Uncovering bias in GPT-2
LLMs such as GPT-2 have revolutionized natural language processing (NLP) by producing high-quality, human-like text. While these models can be valuable tools, they are not without their challenges. One significant concern is the potential for bias in their outputs, which can result from biases in the training data. To understand this concept in practice, let’s consider an example. We’ll use the GPT-2 model from Hugging Face’s transformers library, trained on data from various internet sources, including Reddit, a platform known for its diverse array of opinions and discussions but also for misinformation and potential biases. This experiment aims to showcase the potential biases that LLMs can exhibit when generating text based on specific prompts.
Let’s set up some code for an experiment. I want to ask GPT-2 a few questions where I expect a list as an answer, and I want to see what it says and how often it will say it. This code block creates a function to ask a question and counts the elements of a comma-separated list in the response:
from tqdm import tqdm
import pandas as pd
from transformers import pipeline, set_seed
generator = pipeline(‘text-generation’, model=’gpt2-large’, tokenizer=’gpt2-large’)
set_seed(0)
Let’s look at this in more detail:
- The pipeline is a high-level, easy-to-use API for doing inference with transformer models. The set_seed function sets the seed for generating random numbers.
- Next, we create an instance of the text-generation pipeline. We set up a pipeline for text generation, specifying the GPT-2 model and tokenizer. The GPT-2 model is used because it’s been trained on a large corpus of text and is able to generate human-like text.
- We then set the seed for the random number generator. The seed is set to ensure the reproducibility of the results. When the seed is set to a specific number, the generated sequences will be the same every time this script is run.
- Finally, we use the generator to create text. The generator receives a prompt and spits back a response:
- It generates multiple different continuations of the prompt per call (controlled by the num_return_sequences parameter).
- The max_length parameter restricts the total length of the generated text to 10 tokens.
- The temperature is set to 1.0 and affects the randomness of the output (higher values make the output more random, and lower values make it more deterministic).
Figure 13.1 shows some top results for a few prompts:

Figure 13.1 – Differences in asking GPT-2 what kinds of jobs men and women hold
These outputs clearly show that there may be biases in the language model’s output. Some of the generated sentences could be perceived as negative or stereotyping, demonstrating that there could be potential for bias in LLMs. Therefore, it is crucial to manage and be aware of these biases, especially when using the model’s output for any sensitive tasks.
Language models such as GPT-2 are trained on large amounts of text data. They learn to generate text by predicting the next word in a sentence, given the context of the preceding words. This learning process doesn’t include explicit information about the facts or morality of the statements; it just learns patterns from the data it’s trained on.

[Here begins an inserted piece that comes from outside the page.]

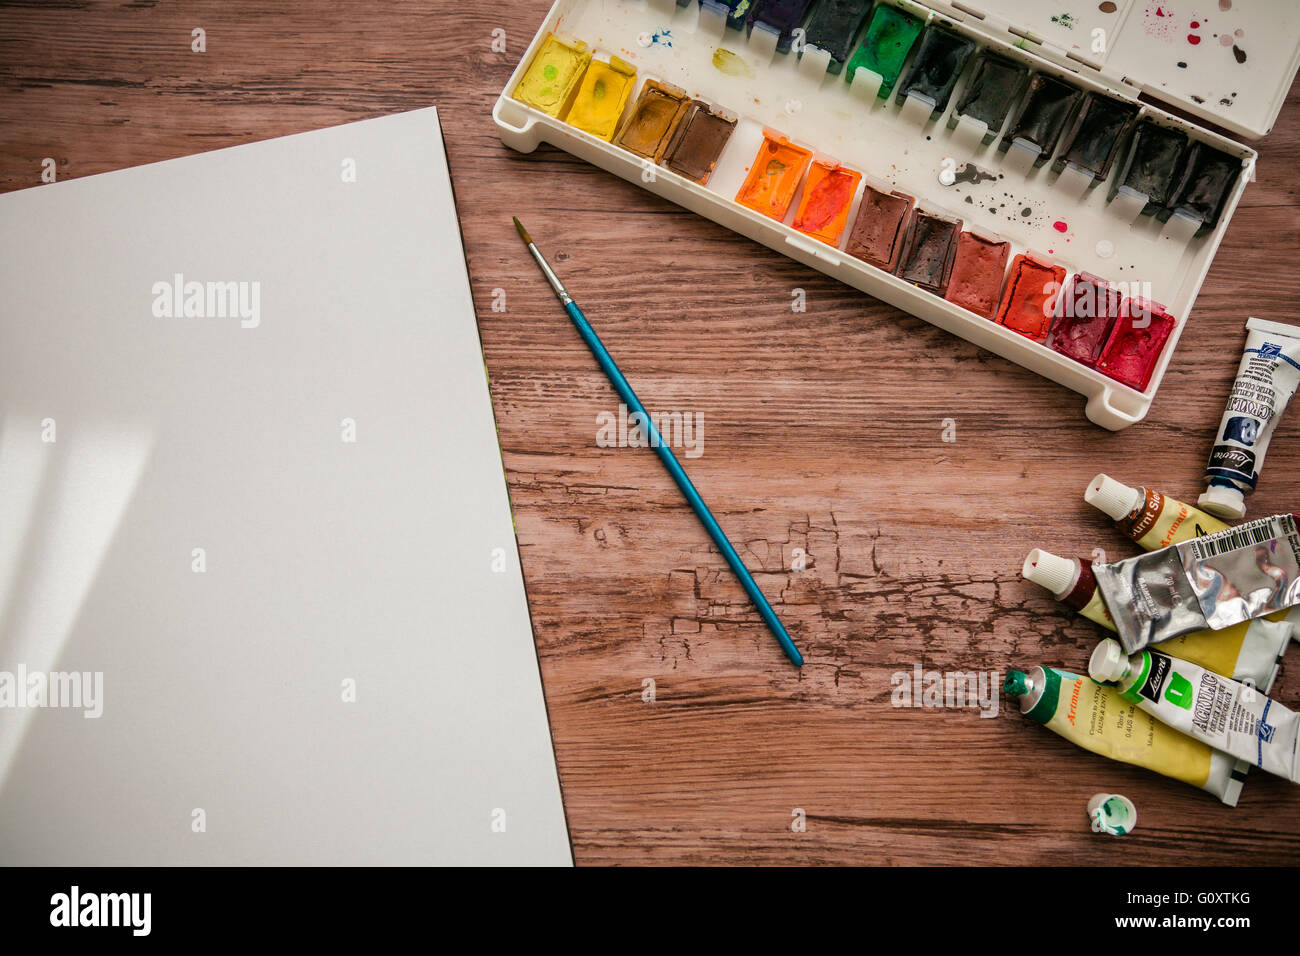 Paper, Watercolors, Paint Brush and Markers on Wooden Table Stock Photo -  Image of draw, white: 81399578

Biases in these models arise due to the nature of the data they are trained on. In the case of GPT-2, a significant portion of its training data comes from websites such as Reddit. While Reddit can be a rich source of diverse views and discussions, it is also a platform that contains a wide range of content, including misinformation, stereotypes, and discriminatory language.
So, when the model is trained on such data, it can potentially learn and replicate these biases. For example, in the code we provided, some generated sentences could be seen as promoting stereotypes or misinformation. This demonstrates that the model has possibly learned these patterns from the biases present in its training data.
This has serious implications. For example, if LLMs are used in applications that involve making decisions that impact people’s lives, such as job recruitment or loan approval, any bias in the model’s predictions could lead to unfair outcomes.
Therefore, addressing these biases is a significant challenge in the deployment of LLMs. Possible solutions could involve careful curation of training data, bias mitigation techniques during the training process, or the postprocessing of model outputs. Additionally, understanding and communicating the potential biases of a model to its users is also a crucial part of responsible AI deployment.